* _ACTIVITY_:
When you return the lines below, go from the first through the line with "Saint Laurent Mens", keep them exact, and leave out every picture.

* _DATA BELOW_:
= = = = =

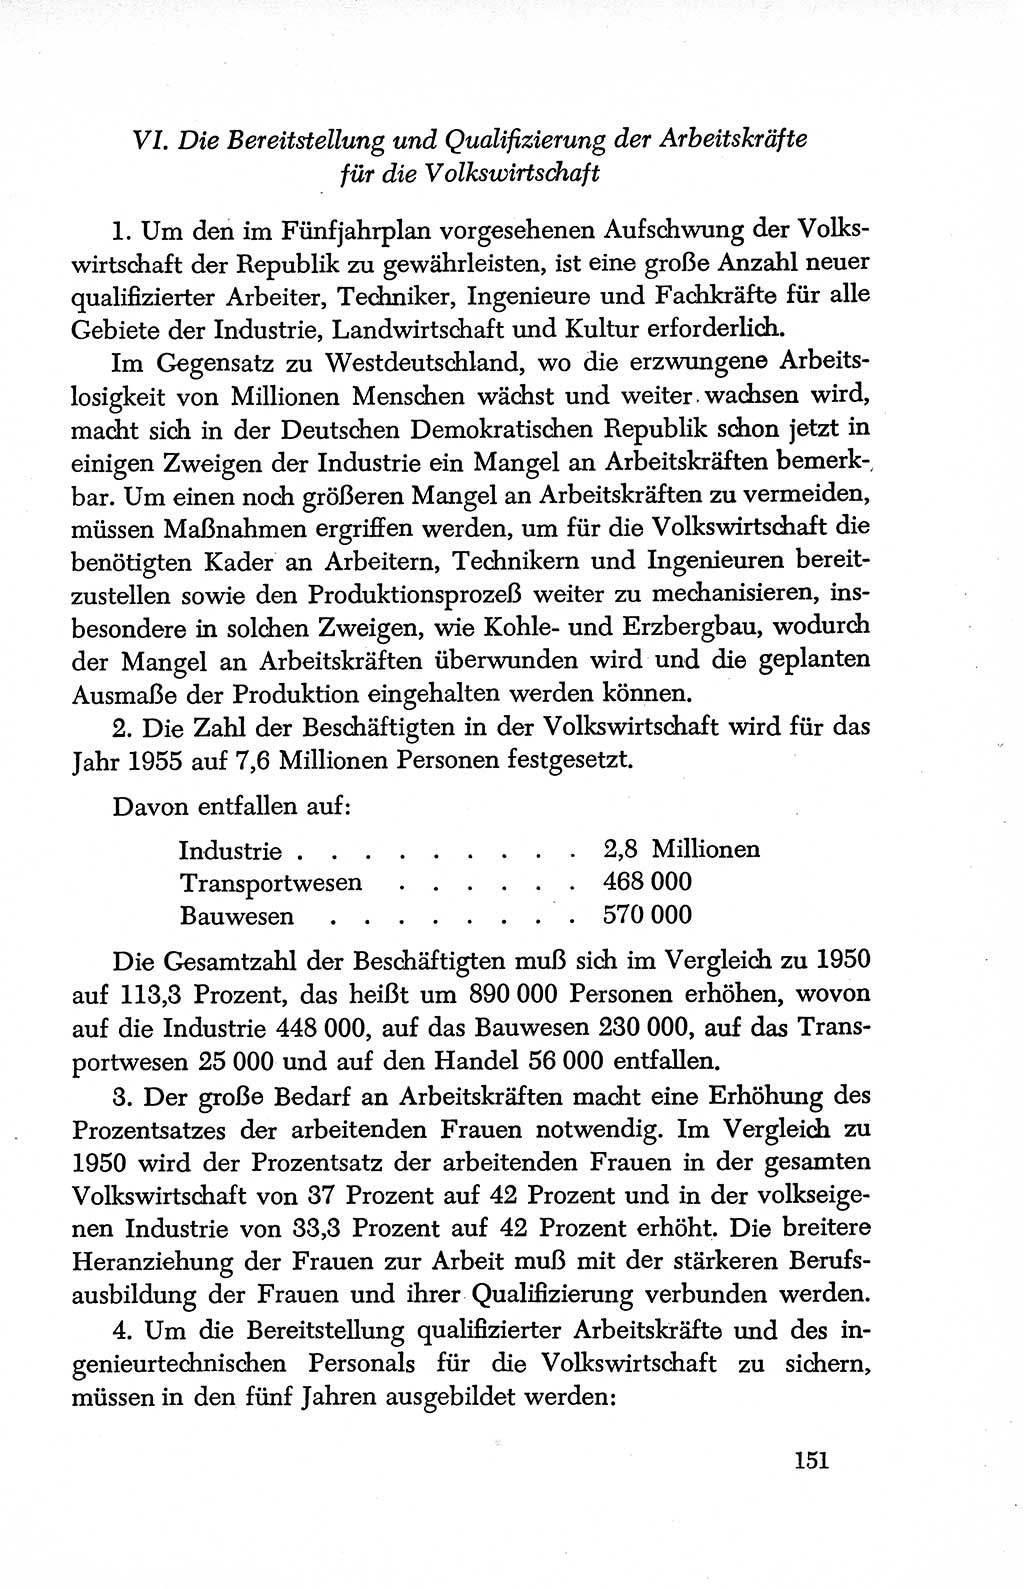 Dokumente der Sozialistischen Einheitspartei Deutschlands (SED) [Deutsche Demokratische Republik (DDR)] 1950-1952, Seite 151 (Dok. SED DDR 1950-1952, S. 151)
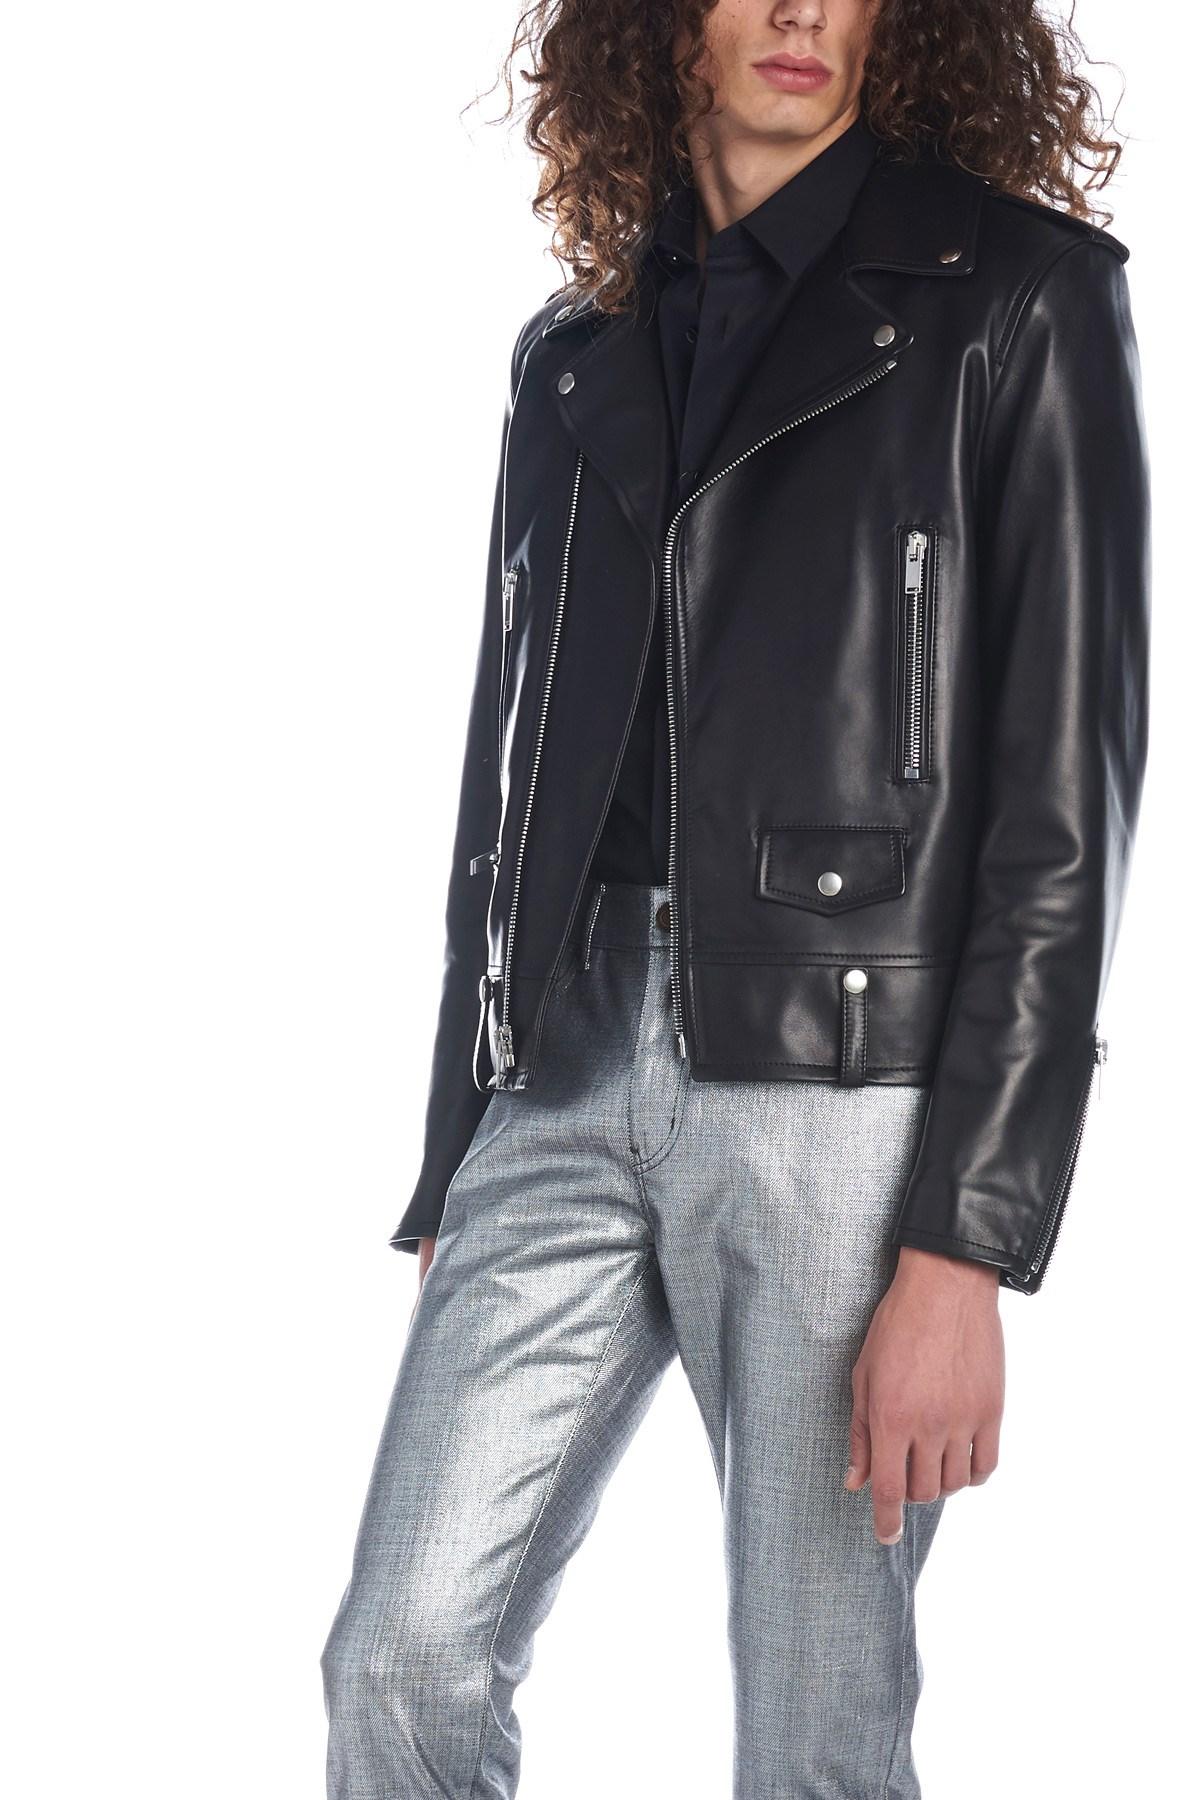 Saint Laurent Mens Classic Black Leather Motorcycle Biker Jacket Size 54 2
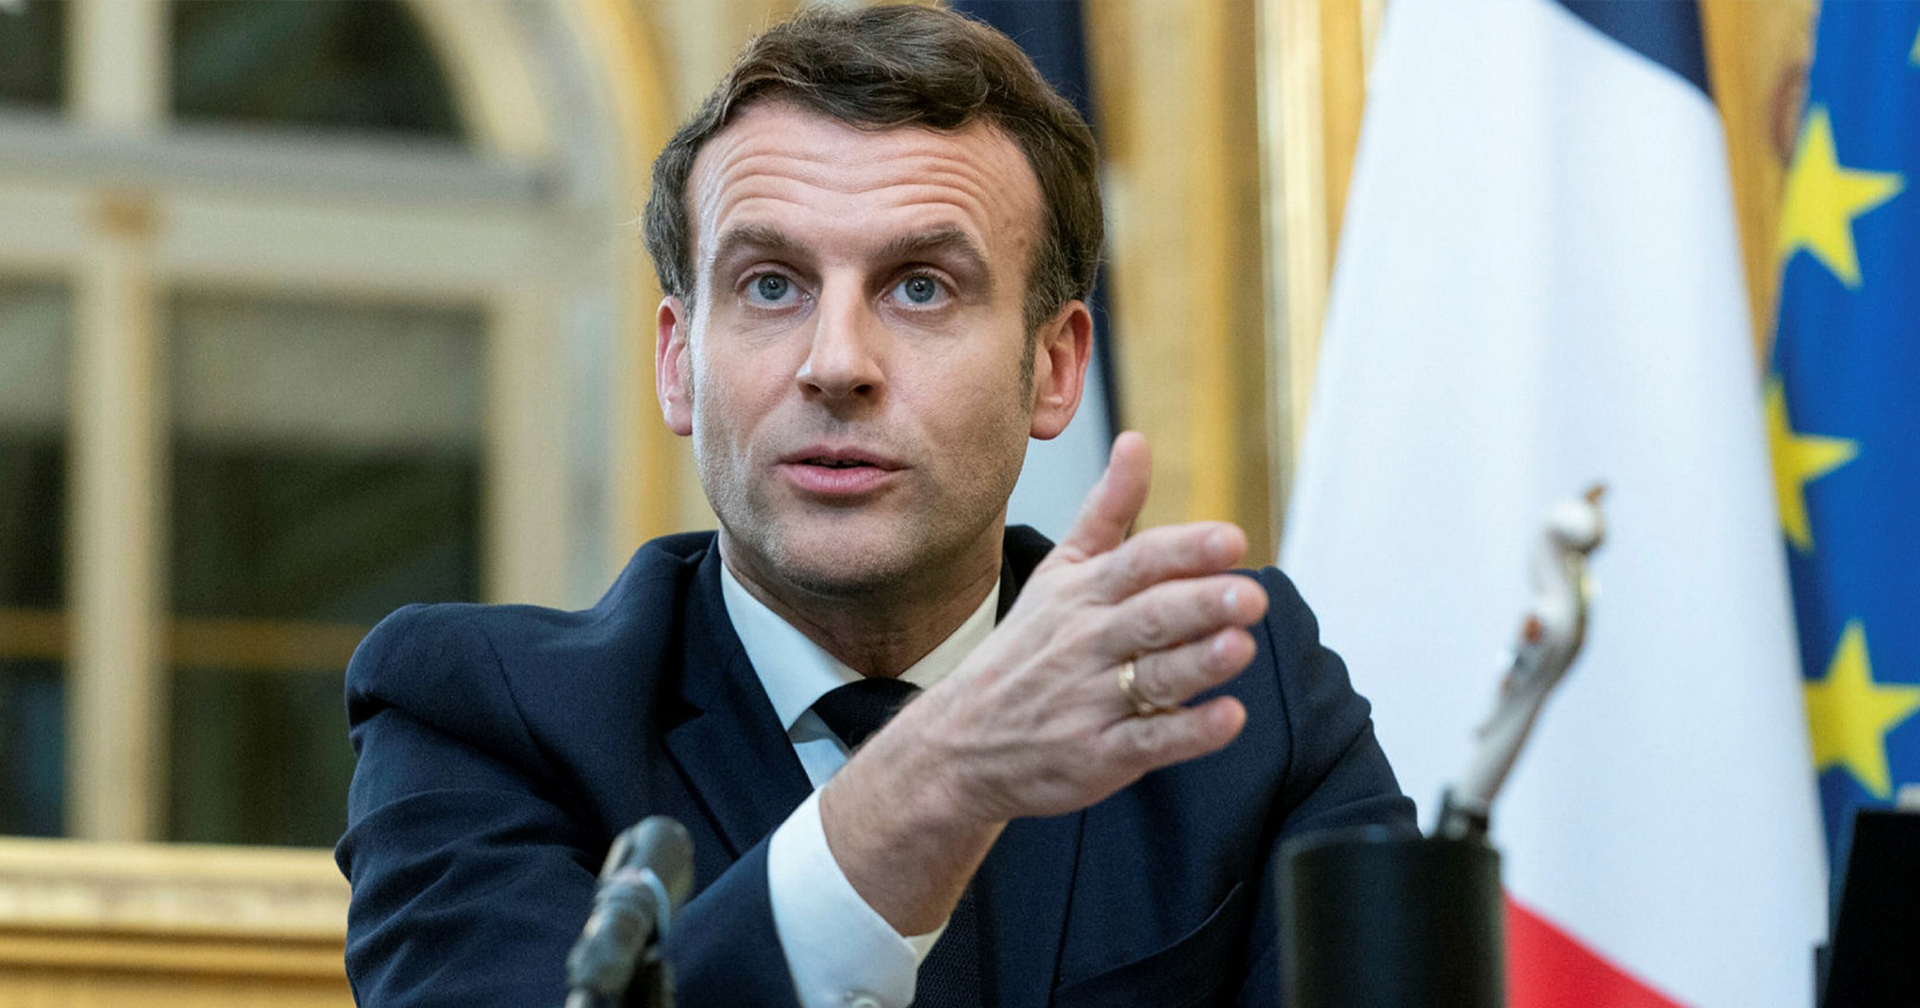 ประธานาธิบดีฝรั่งเศสบอกคนที่ไม่ฉีดวัคซีนคือคนเห็นแก่ตัวและขาดความรับผิดชอบ

= = = = =

* _FINISHED EXERCISE_:
 Dokumente der Sozialistischen Einheitspartei Deutschlands (SED) [Deutsche Demokratische Republik (DDR)] 1950-1952, Seite 151 (Dok. SED DDR 1950-1952, S. 151)
 Saint Laurent Mens Classic Black Leather Motorcycle Biker Jacket Size 54 2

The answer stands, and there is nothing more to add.